**DATA SHOWN:**
* * *

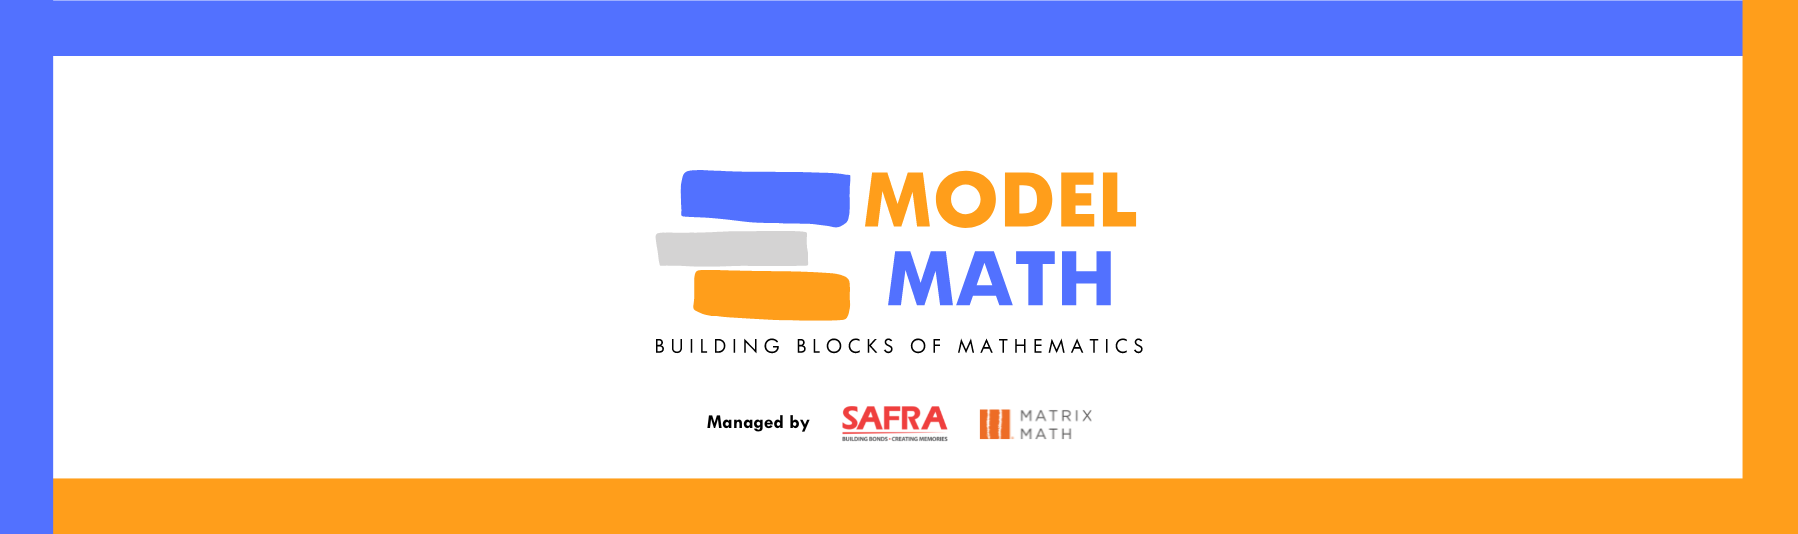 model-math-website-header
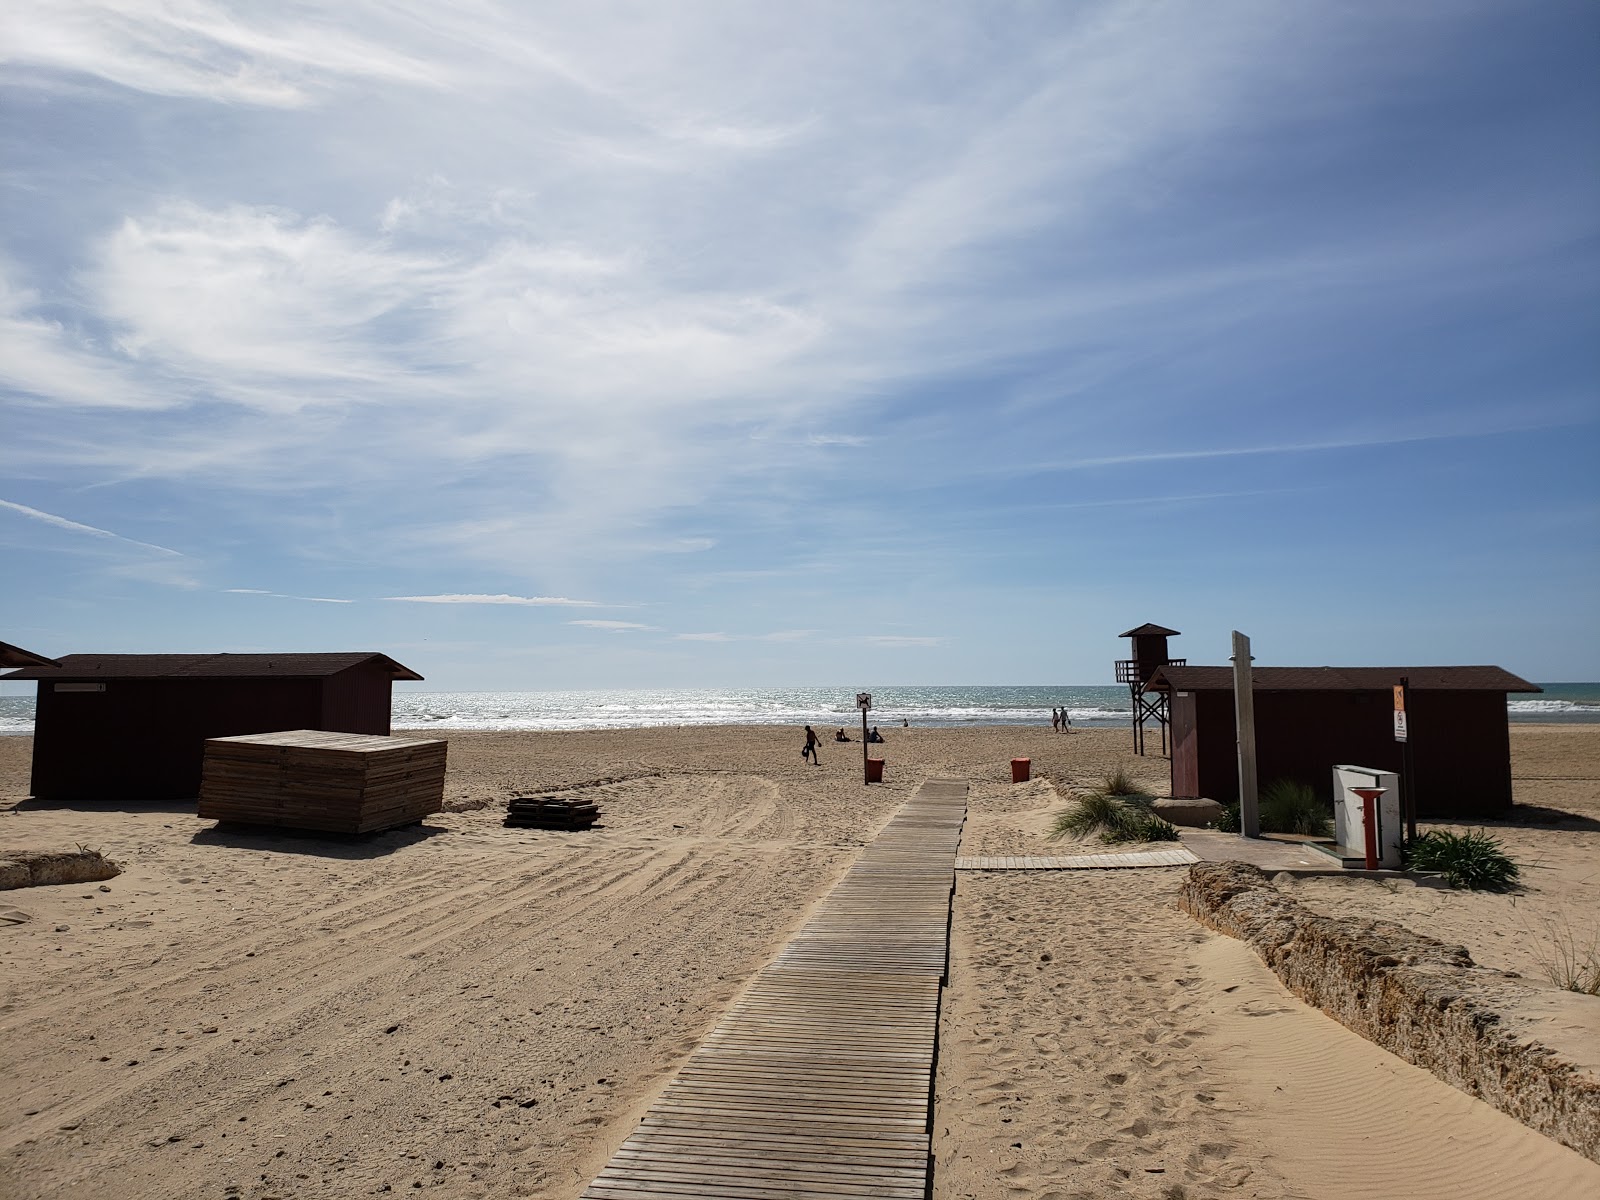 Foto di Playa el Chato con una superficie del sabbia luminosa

* * *

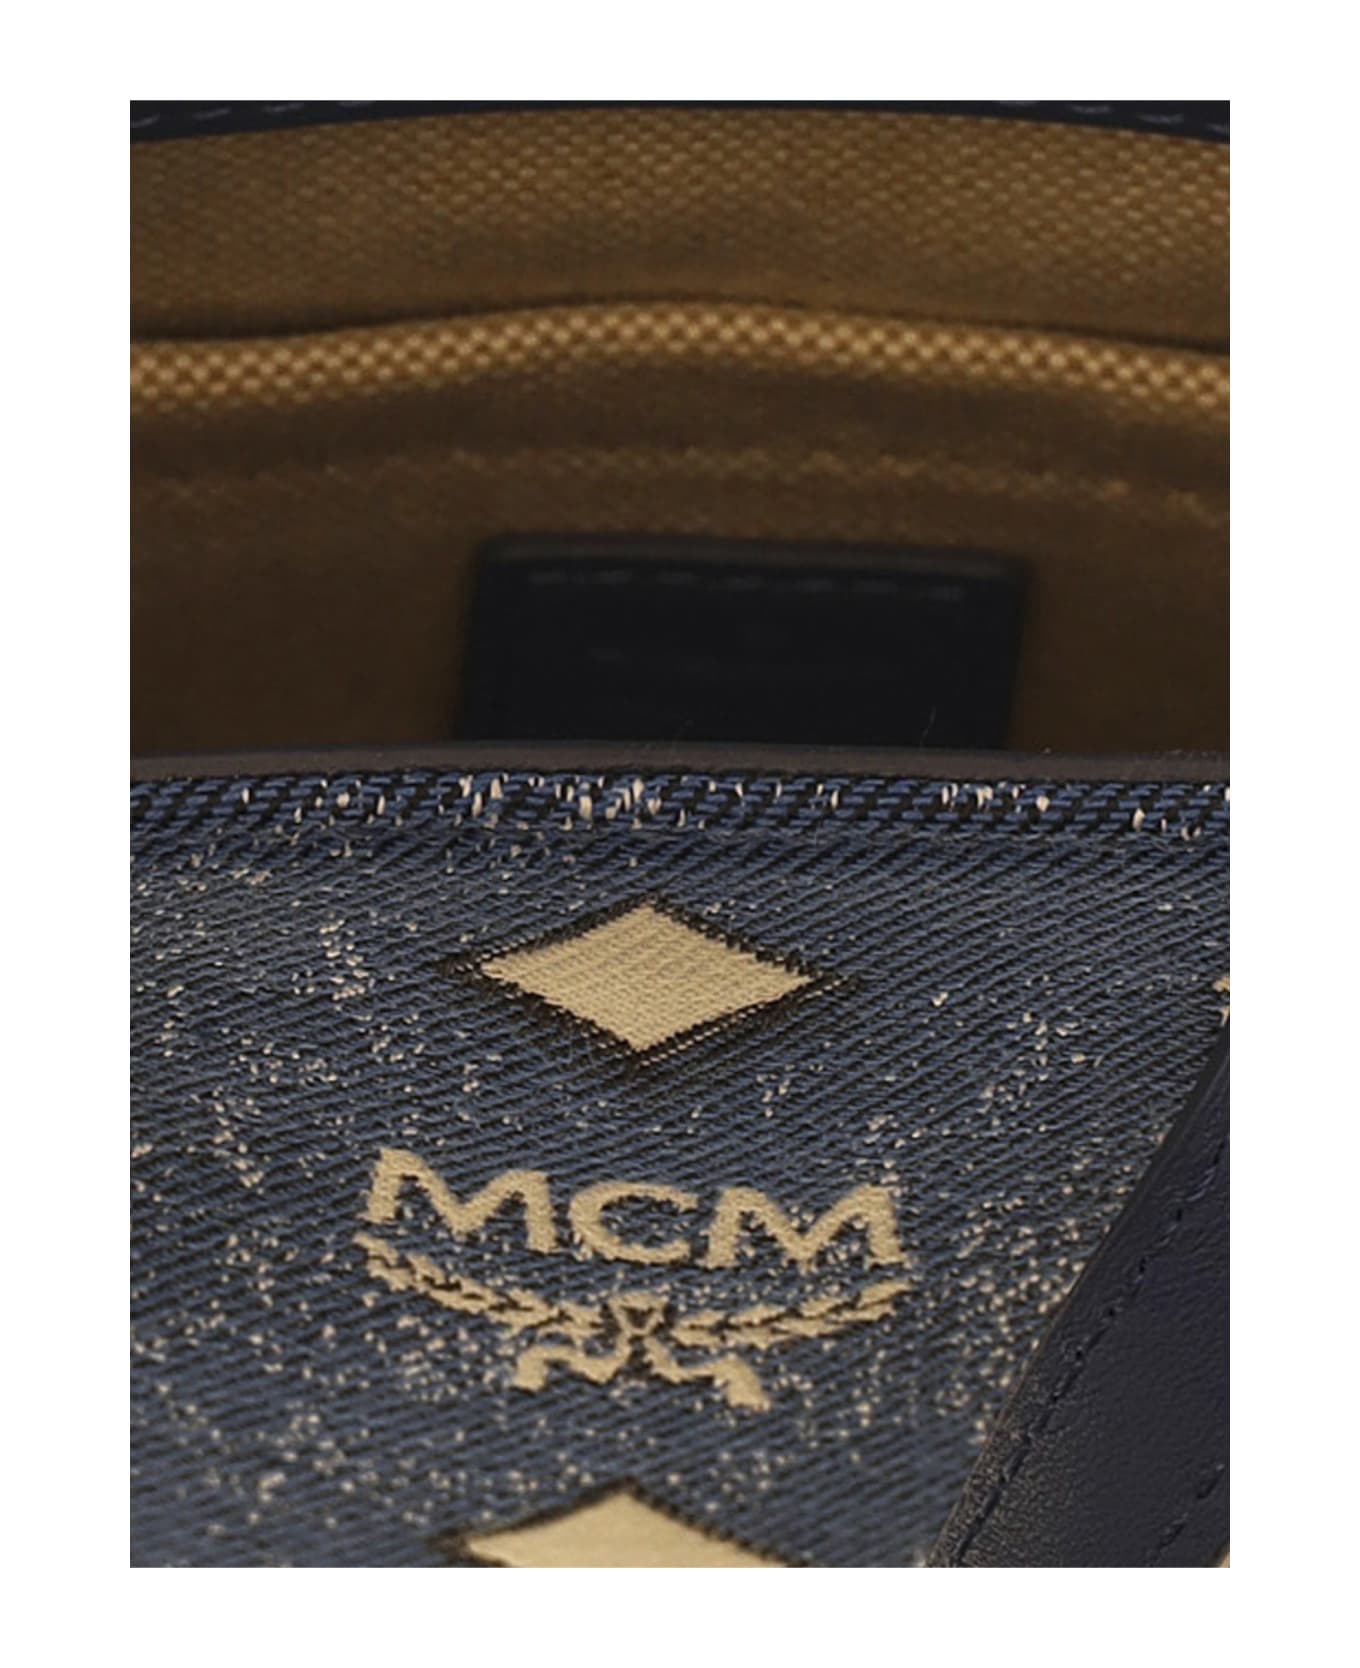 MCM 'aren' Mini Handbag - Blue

* * *

**WHAT IS EXPECTED:**
From the records above, output only the lines starting at the one containing "model-math-website-header" and ending at the one containing "Foto di Playa", word for word. Pictures stay out.

**ANSWER FOR THIS EXERCISE:**
 model-math-website-header
 Foto di Playa el Chato con una superficie del sabbia luminosa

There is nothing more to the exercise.